Zabur-i-Ajam (زبور عجم, Persian Psalms) is a philosophical poetry book, written in Persian, of Allama Iqbal, the great poet-philosopher of the Indian subcontinent. It was published in 1927.

Zabur-i Ajam includes the Mathnavi Gulshan-i Raz-i Jadid and Bandagi Nama. There are four sections. The first two are sequences of ghazals in the classical form and the other two are single long poems. Iqbal forcefully expresses his inner convictions and urges the reader to advance himself to achieve progress and prosperity by discovering and strengthening the self.

The first of the two longer poems is the Gulshan-i Raz-i Jadid (گلشن راز جدید, "New Garden of Mysteries"). It alludes to the Gulshan-i Raz, the treatise on Sufism written in Persian verse by Sa'd ad-Din Mahmud Shabistari. Here Iqbal poses and answers nine questions on philosophical problems such as the nature of discursive thought, of the self, and of the relation between the eternal and the temporal.
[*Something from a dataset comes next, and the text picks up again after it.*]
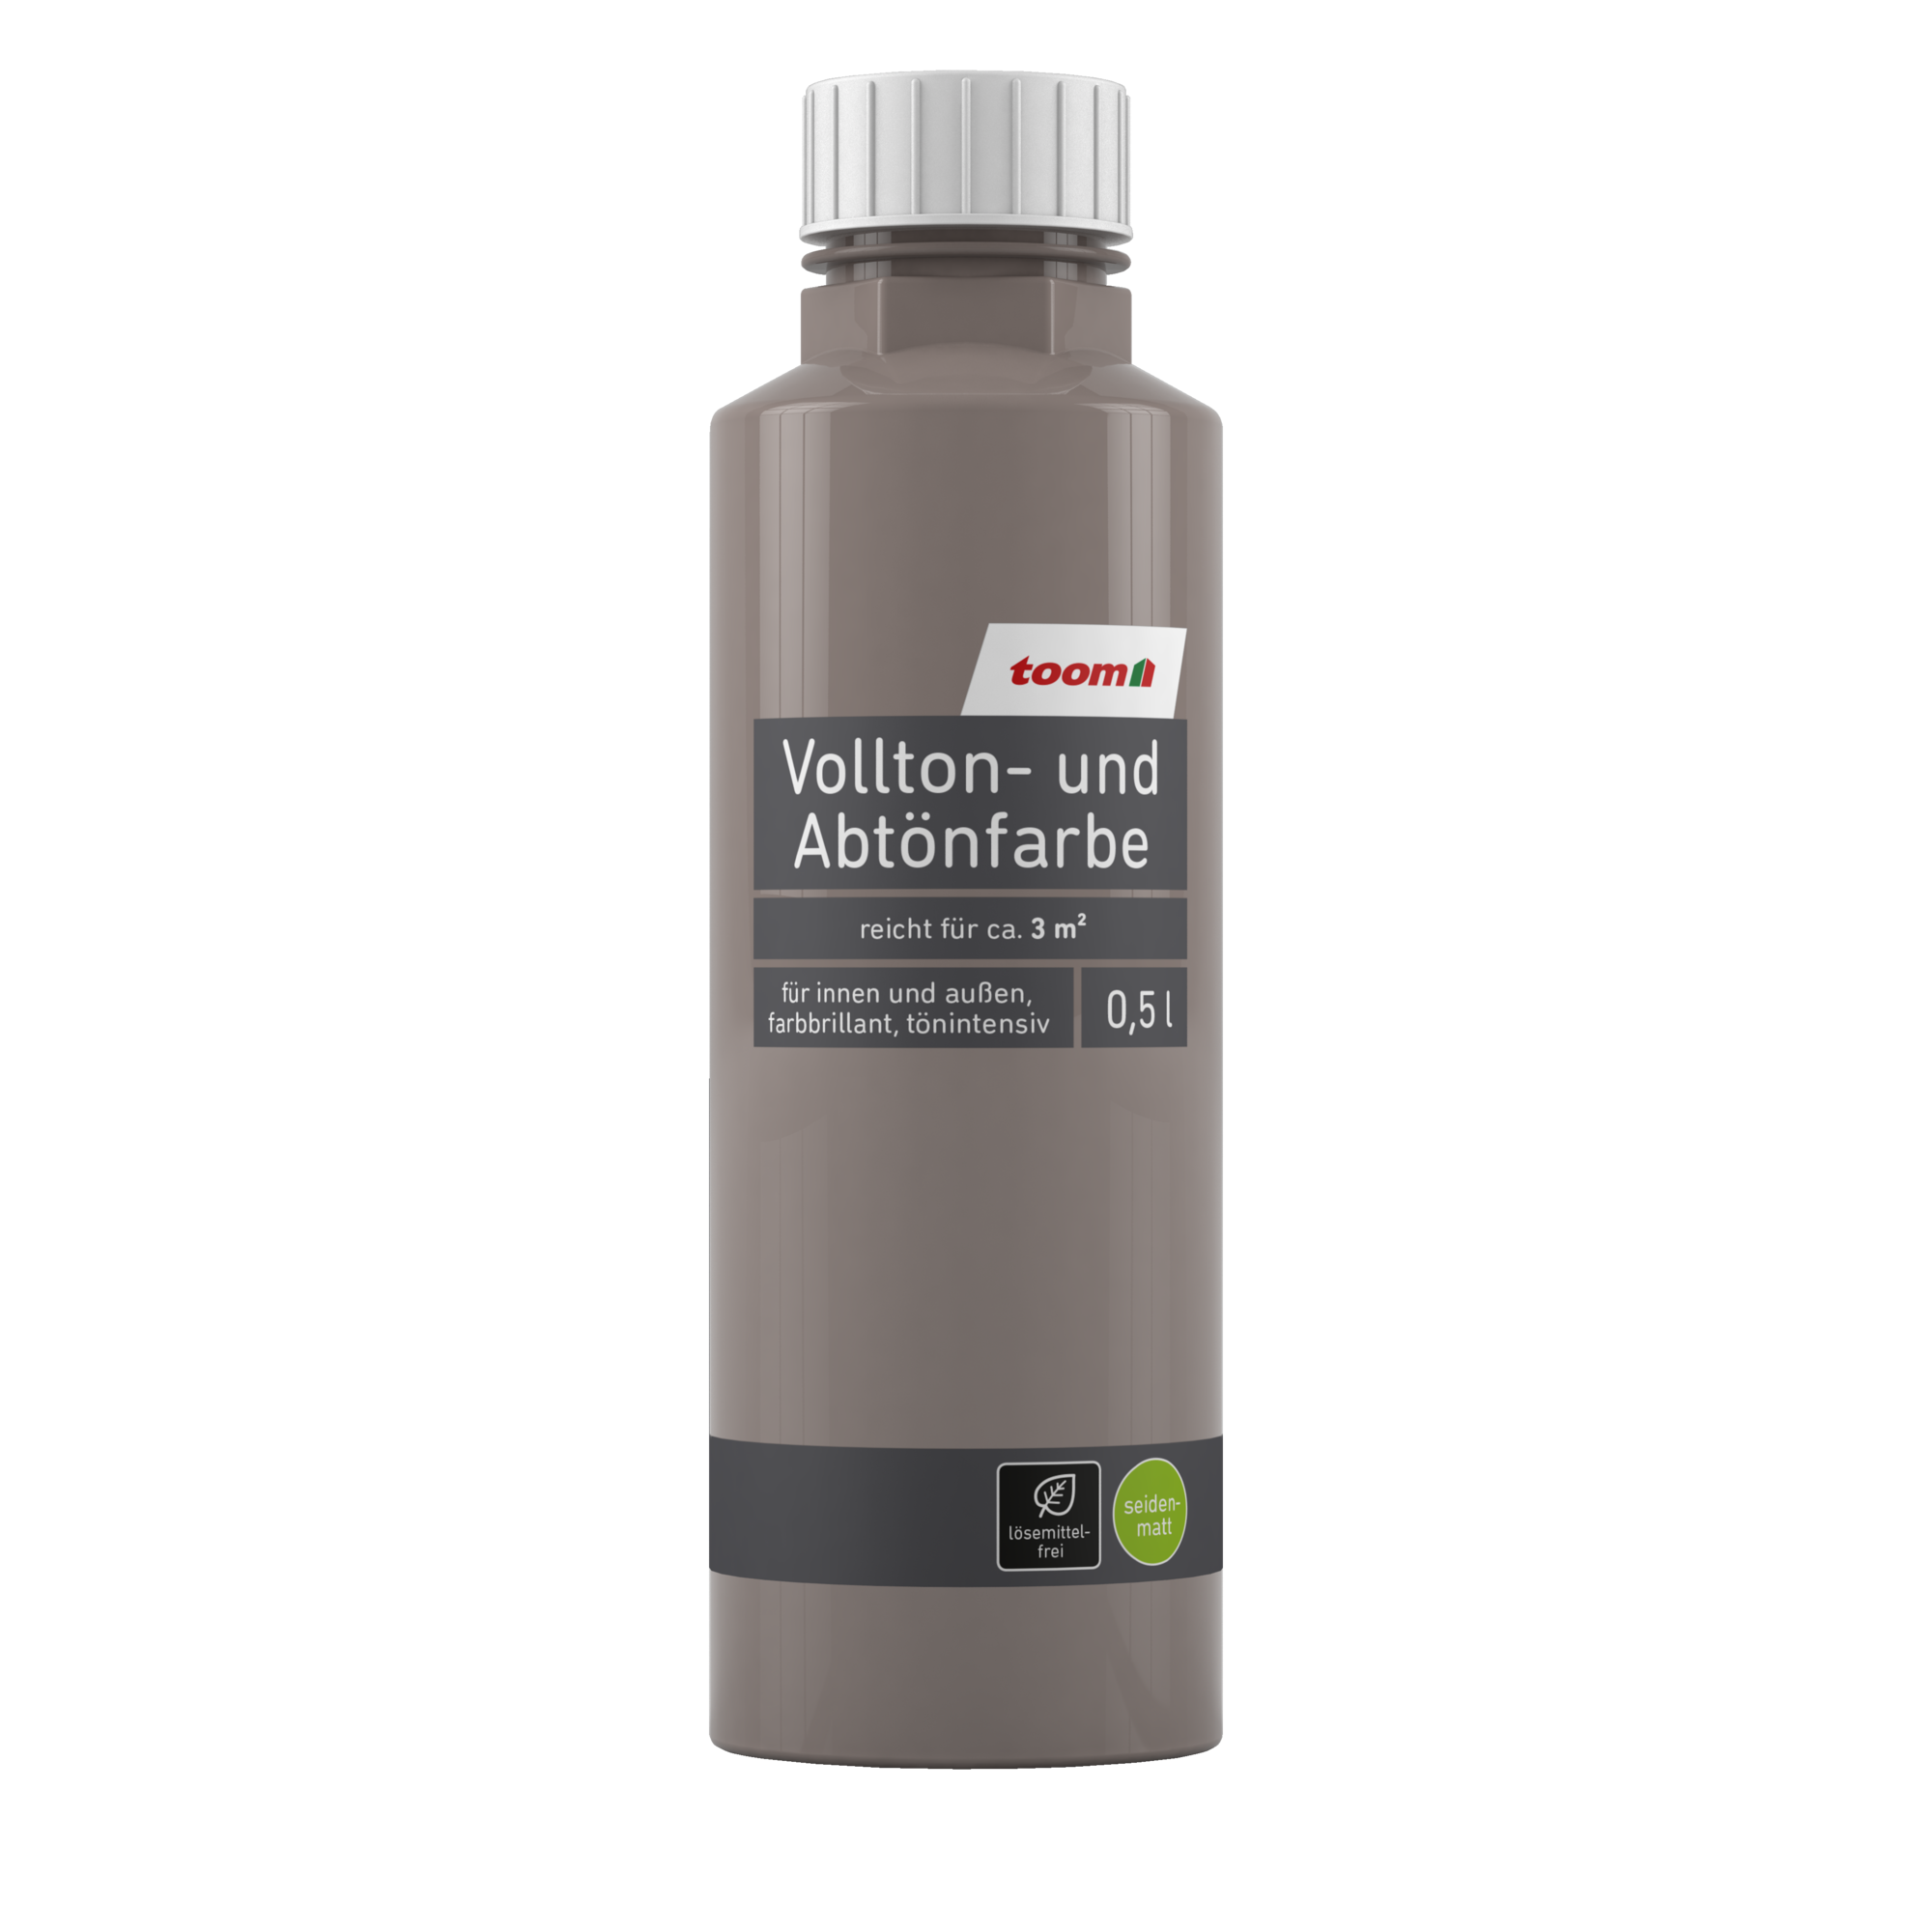 Voll- und Abtönfarbe sandfarben 500 ml + product picture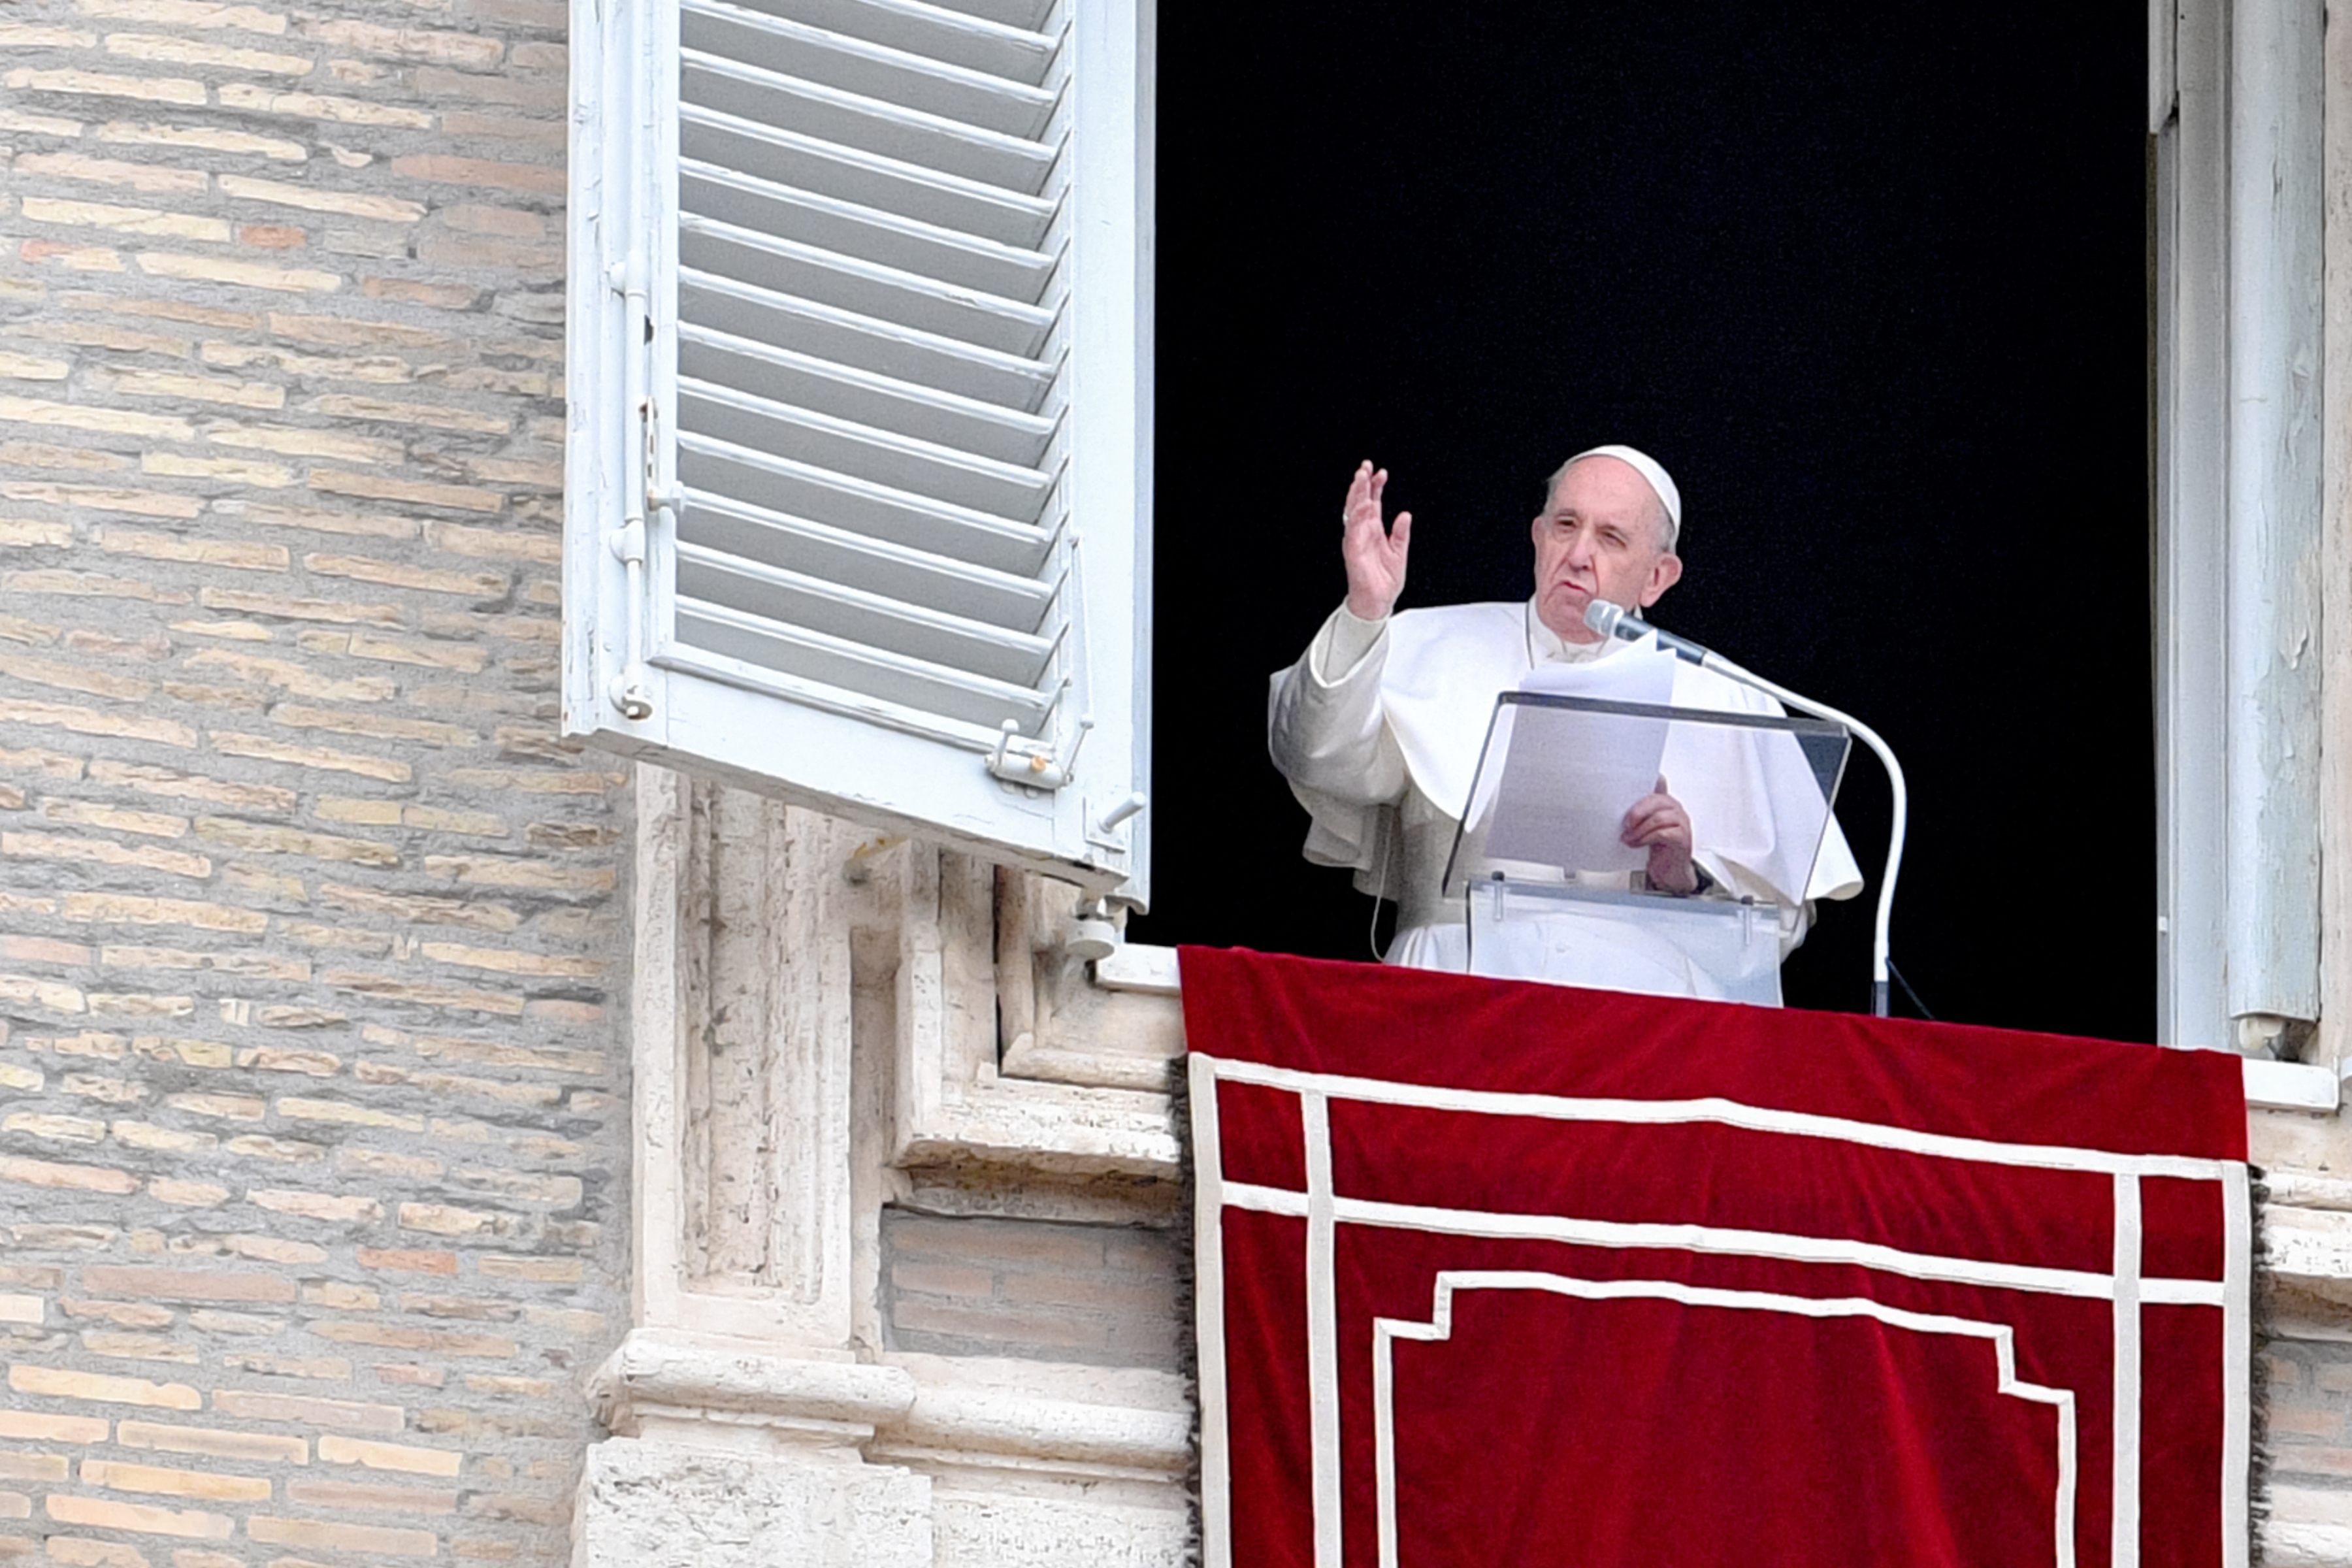 El Vaticano aclaró que para la doctrina de la iglesia católica, los sacerdotes no pueden bendecir uniones entre personas del mismo sexo. (Foto Prensa Libre: AFP)

The subject of the second poem, the Bandagi Nama (بندگی‌نامه, "Book of Servitude") is the loss of freedom, particularly spiritual freedom, of an individual or society, and its consequent evils. It is divided into several sections and touches on the music and other arts of enslaved people, their religious tenets and the art of reconstructing free men.

In Zabur-i Ajam, Iqbal's Persian ghazal is at its best as his Urdu ghazal is in Bal-i Jibril. Here as in other books, Iqbal insists on remembering the past, doing well in the present and preparing for the future. His lesson is that one should be dynamic, full of zest for action and full of love and life. Implicitly, he proves that there is no form of poetry which can equal the ghazal in vigour and liveliness.